Workflow questions (step 4):
All prompts use interactive arrow-key selectors — use ↑/↓ to navigate, Space to toggle (multi-select), Enter to confirm. Cancel any prompt with Ctrl+C.
| Question | Options | Default |
|---|---|---|
| AI tool(s) to configure | Claude Code, GitHub Copilot, OpenAI Codex, Cursor (multi-select) | Claude Code |
| Auto-documentation | Ask me first / Update automatically / Handle myself | Ask me first |
| Auto-commit | Ask me first / Commit automatically / Never | Ask me first |
| Architect agent | Yes / No | Yes |
| (If yes) Architect domain | Free text | auto-detect |
| Architect review trigger | Ask me first / Always / Only on /architect-review | Ask me first |
| Skill generation | Single AI call / Parallel subagents | Single AI call |
Answers are saved to .openskulls/config.toml and generate a workflow_rules section in CLAUDE.md that instructs Claude on your preferences.
Parallel skill generation
When you choose parallel subagents in the workflow setup, the skills AI call and the architect AI call run simultaneously via Promise.allSettled instead of sequentially. This cuts generation time roughly in half when both are enabled, at the cost of two concurrent AI sessions instead of one.
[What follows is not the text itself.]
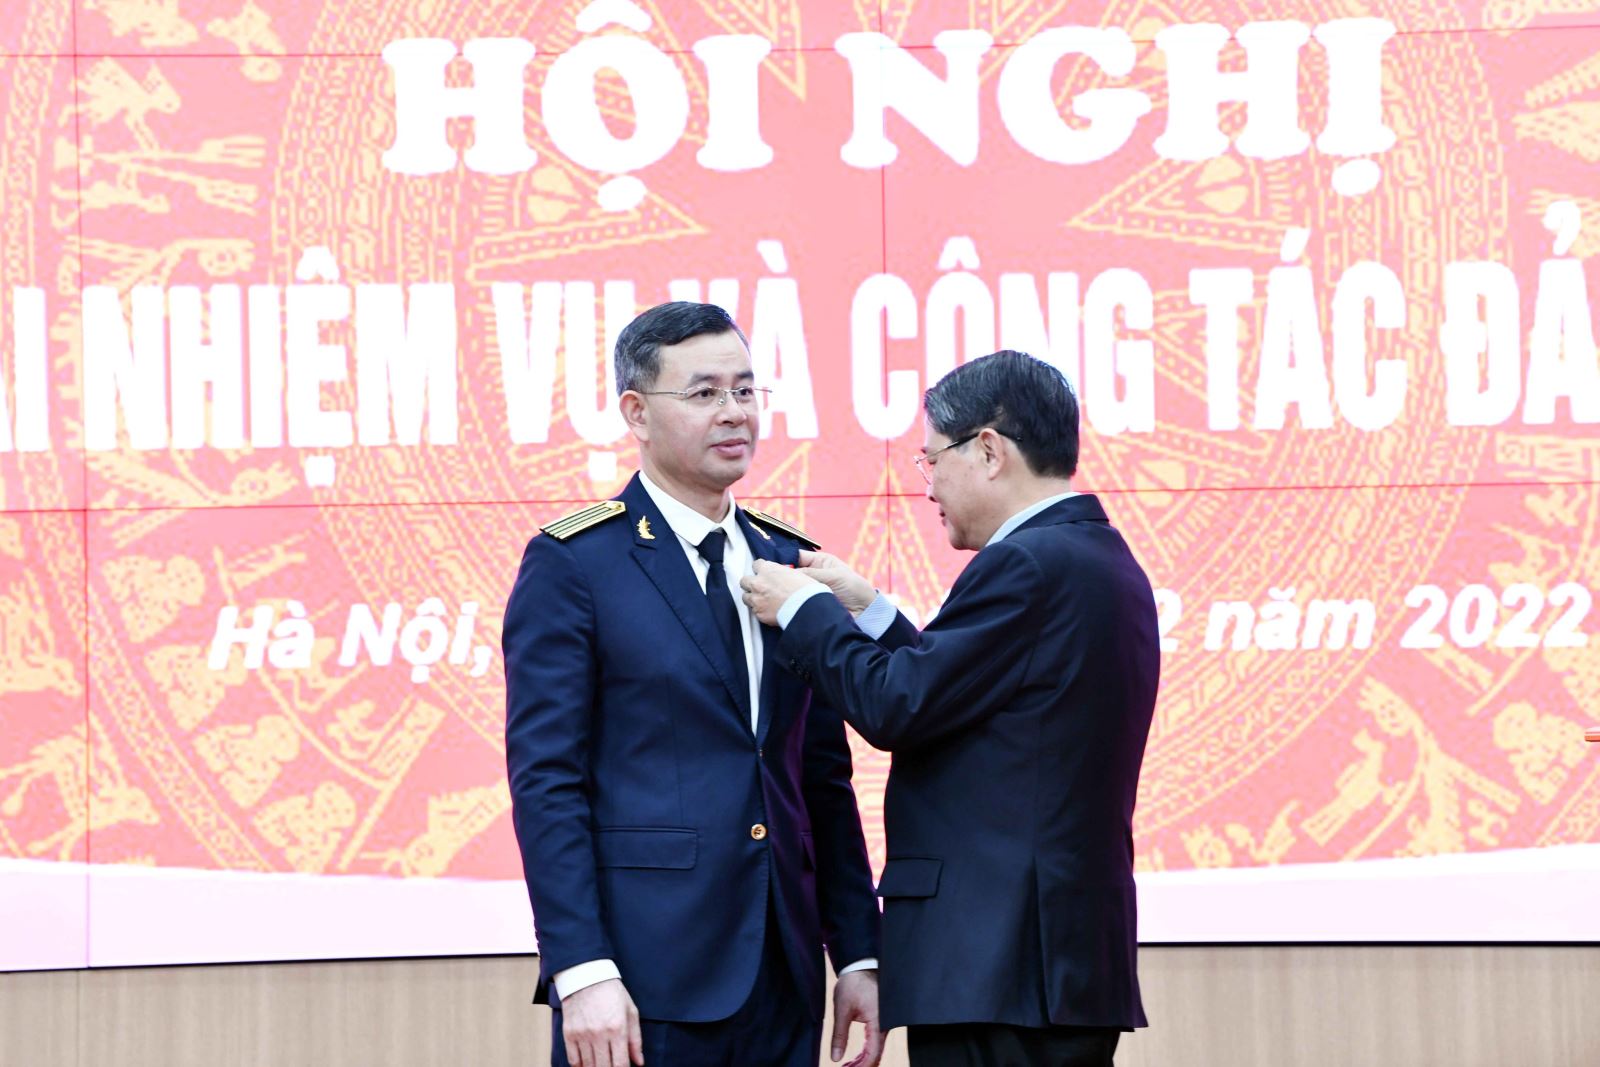 Phó Chủ tịch Quốc hội Nguyễn Đức Hải thay mặt Lãnh đạo Đảng và Nhà nước đã trao tặng Huân chương Lao động hạng Nhất cho Tổng Kiểm toán nhà nước Ngô Văn Tuấn

Both calls are non-fatal — if either fails the other still completes and init continues. The setting is saved as use_subagents = true in .openskulls/config.toml.
Architect agent
When enabled, openskulls init (and openskulls sync) runs a third AI call to generate a /architect-review slash command tailored to your codebase. The agent acts as a domain-expert reviewer, producing:
- Architectural Principles — non-negotiable rules specific to your stack
- Review Checklist — 6–10 items to verify on every feature or change
- Anti-Patterns — stack-specific patterns to flag in code review
- Common Patterns — canonical patterns referencing real paths in your repo
The prompt template lives at templates/prompts/architect.md.hbs and can be edited directly to tune output without touching TypeScript.
When architect_review = "always" is set in config, the generated skill includes a Workflow section that instructs Claude to run /architect-review as a required step after every feature addition.
openskulls sync [path]
Update context files to match the current state of the repo. Run this after pulling changes from teammates, or when the post-commit hook reports drift.
openskulls sync # show diff and confirm before writing
openskulls sync --dry-run # show what would change
openskulls sync --yes # apply without confirmationSync detects drift by comparing the current repo's contentHash against the stored baseline. If the hash changed, it runs the full analysis → generate pipeline and shows exactly which sections would be updated before writing anything.
Workflow config is read from .openskulls/config.toml — if the architect agent was enabled during init, sync regenerates the /architect-review skill automatically.
Hook mode (called automatically by the post-commit hook):
openskulls sync --hook --changed "package.json\nsrc/server.ts"In hook mode, OpenSkulls checks whether any changed file matches a trigger pattern. If no trigger file changed it exits immediately (fast path). All output is suppressed. The process always exits 0 — a sync failure never blocks a commit.
Default trigger patterns:
package.json, package-lock.json, yarn.lock, pnpm-lock.yaml, bun.lockb
requirements*.txt, pyproject.toml, Pipfile, Pipfile.lock
go.mod, go.sum
Cargo.toml, Cargo.lock
Gemfile, Gemfile.lock
tsconfig*.json
.github/workflows/**openskulls audit [path] (v0.2)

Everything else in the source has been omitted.